Start with simplistic. The entire bill is less than 100 words and does precisely one thing: It gives Democrats an opportunity to make four new appointments to the Supreme Court. Though it is called the Judiciary Act, it does not purport to address issues of federal jurisdiction, the size of appeals courts, or any of the technical matters that are traditionally the subject of such bills. Instead, it recalls President Franklin Delano Roosevelt’s failed proposal in 1937 to pack the courts to secure the New Deal. That proposal was rejected by Democrats as a threat to liberal democracy, and for good reason: If one party moves to pack the courts when it holds the Senate and presidency, the other side will likely do the same when the tables turn, and the courts will be viewed, even more than they already are, as just another partisan branch.

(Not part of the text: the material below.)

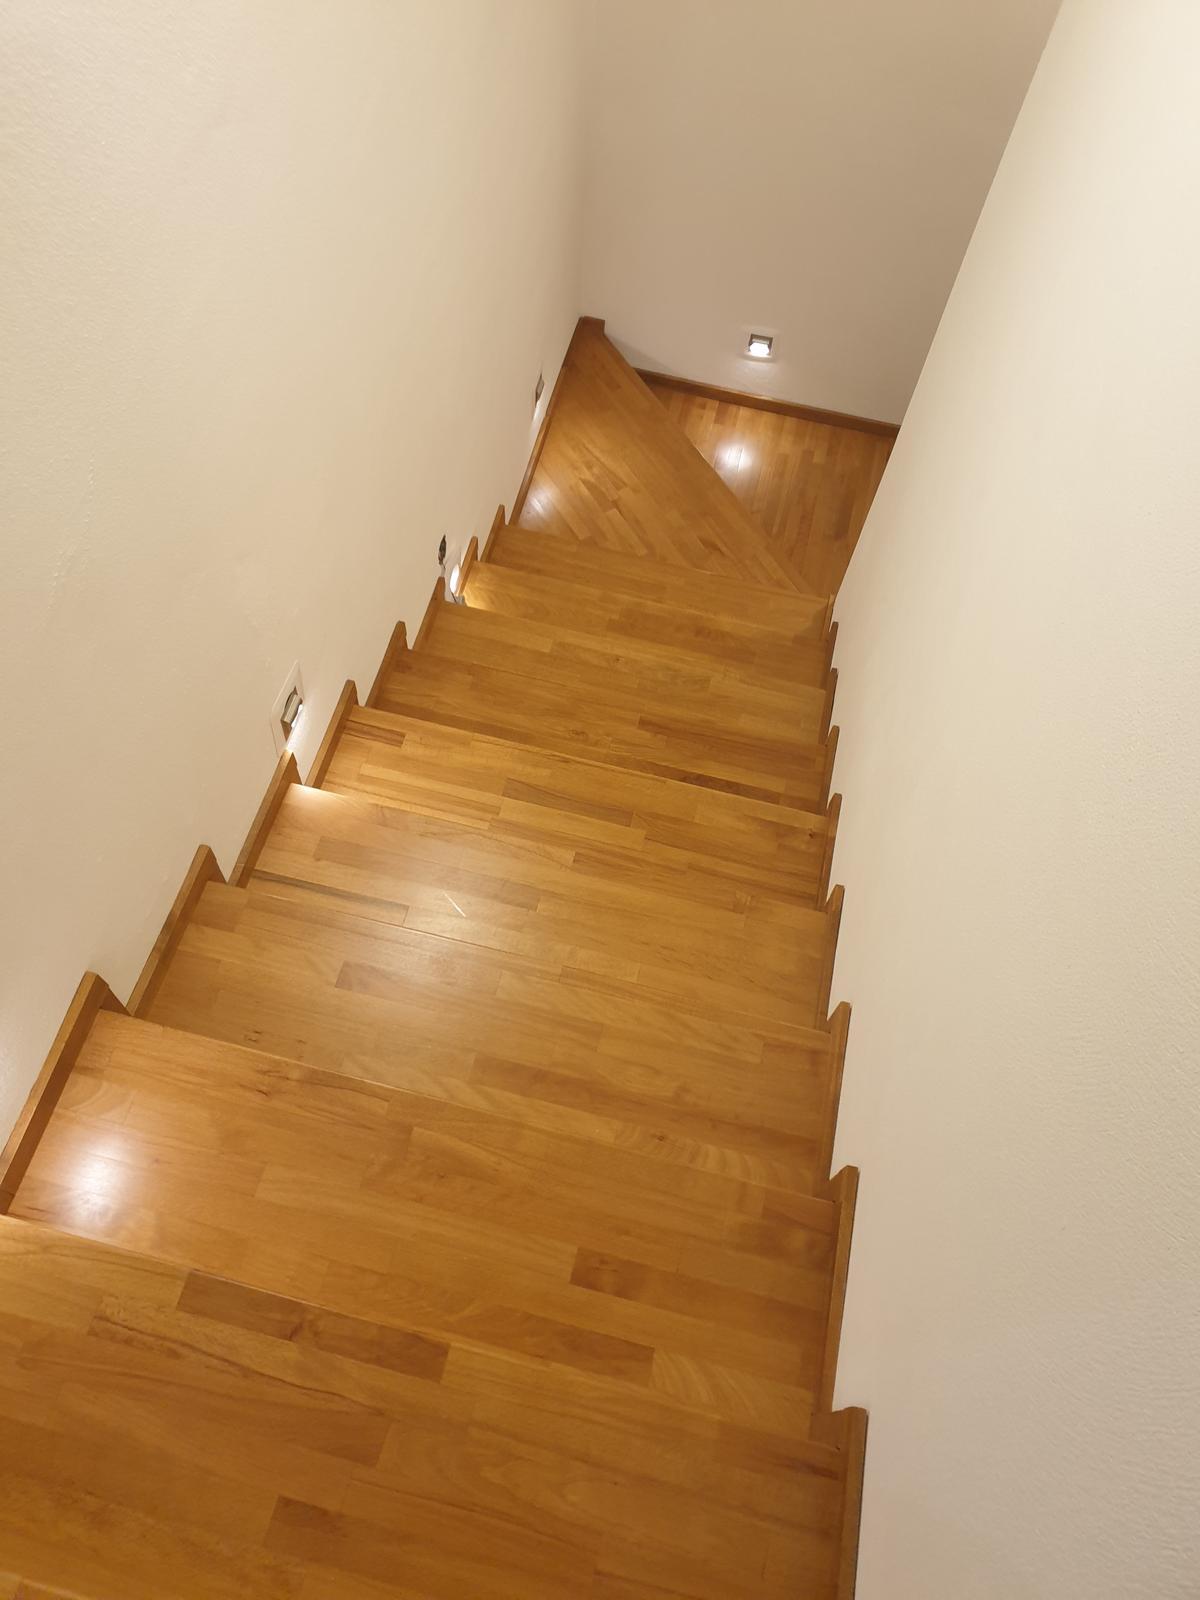 Konzolové schody - BUK, DUB - Obrázok č. 27

Perhaps for this reason, the speaker of the House, Nancy Pelosi, has signaled that the bill will be dead on arrival in the House, and so the bill is political theater. Representative Jerrold Nadler, one of the bill’s sponsors, has suggested that the motive is simply to ensure that there is one justice for each of the judicial circuits, which was a norm in the 19th century. That justification is fooling no one, for if that were the only motive, he could have proposed the bill last year when the Republicans controlled the Senate. This is a clear appeal to partisanship.